(INFORMATION PROVIDED Opens)
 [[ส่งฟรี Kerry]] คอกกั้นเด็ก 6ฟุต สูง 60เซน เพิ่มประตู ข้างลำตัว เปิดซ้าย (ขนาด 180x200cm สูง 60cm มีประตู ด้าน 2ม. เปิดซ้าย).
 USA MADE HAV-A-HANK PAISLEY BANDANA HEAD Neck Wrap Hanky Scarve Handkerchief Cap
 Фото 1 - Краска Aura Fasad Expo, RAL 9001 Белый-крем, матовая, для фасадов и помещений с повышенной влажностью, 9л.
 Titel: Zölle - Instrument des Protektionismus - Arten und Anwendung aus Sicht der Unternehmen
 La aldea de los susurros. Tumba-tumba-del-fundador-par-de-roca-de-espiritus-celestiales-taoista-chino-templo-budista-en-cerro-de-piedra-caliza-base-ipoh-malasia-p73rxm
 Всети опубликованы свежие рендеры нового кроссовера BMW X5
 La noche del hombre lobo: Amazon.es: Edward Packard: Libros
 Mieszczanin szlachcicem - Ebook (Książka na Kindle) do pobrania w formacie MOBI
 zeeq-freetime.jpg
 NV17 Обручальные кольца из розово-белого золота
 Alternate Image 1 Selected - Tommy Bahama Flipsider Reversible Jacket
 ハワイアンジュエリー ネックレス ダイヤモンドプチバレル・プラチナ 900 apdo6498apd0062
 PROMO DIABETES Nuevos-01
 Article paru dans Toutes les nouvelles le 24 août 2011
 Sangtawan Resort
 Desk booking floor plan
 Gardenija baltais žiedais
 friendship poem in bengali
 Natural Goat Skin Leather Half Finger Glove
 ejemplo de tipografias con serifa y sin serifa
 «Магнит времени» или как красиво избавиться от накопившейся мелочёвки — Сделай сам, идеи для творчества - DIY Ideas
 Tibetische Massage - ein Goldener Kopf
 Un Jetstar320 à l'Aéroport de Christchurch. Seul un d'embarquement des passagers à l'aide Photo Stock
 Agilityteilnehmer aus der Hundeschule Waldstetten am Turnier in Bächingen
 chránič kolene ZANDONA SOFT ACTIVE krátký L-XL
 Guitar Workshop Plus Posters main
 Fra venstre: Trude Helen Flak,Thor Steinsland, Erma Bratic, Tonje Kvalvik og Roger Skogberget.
(INFORMATION PROVIDED Closes)
Without changing anything, quote the lines from the top of the data to the line that contains "La aldea de", including that line.

 [[ส่งฟรี Kerry]] คอกกั้นเด็ก 6ฟุต สูง 60เซน เพิ่มประตู ข้างลำตัว เปิดซ้าย (ขนาด 180x200cm สูง 60cm มีประตู ด้าน 2ม. เปิดซ้าย).
 USA MADE HAV-A-HANK PAISLEY BANDANA HEAD Neck Wrap Hanky Scarve Handkerchief Cap
 Фото 1 - Краска Aura Fasad Expo, RAL 9001 Белый-крем, матовая, для фасадов и помещений с повышенной влажностью, 9л.
 Titel: Zölle - Instrument des Protektionismus - Arten und Anwendung aus Sicht der Unternehmen
 La aldea de los susurros. Tumba-tumba-del-fundador-par-de-roca-de-espiritus-celestiales-taoista-chino-templo-budista-en-cerro-de-piedra-caliza-base-ipoh-malasia-p73rxm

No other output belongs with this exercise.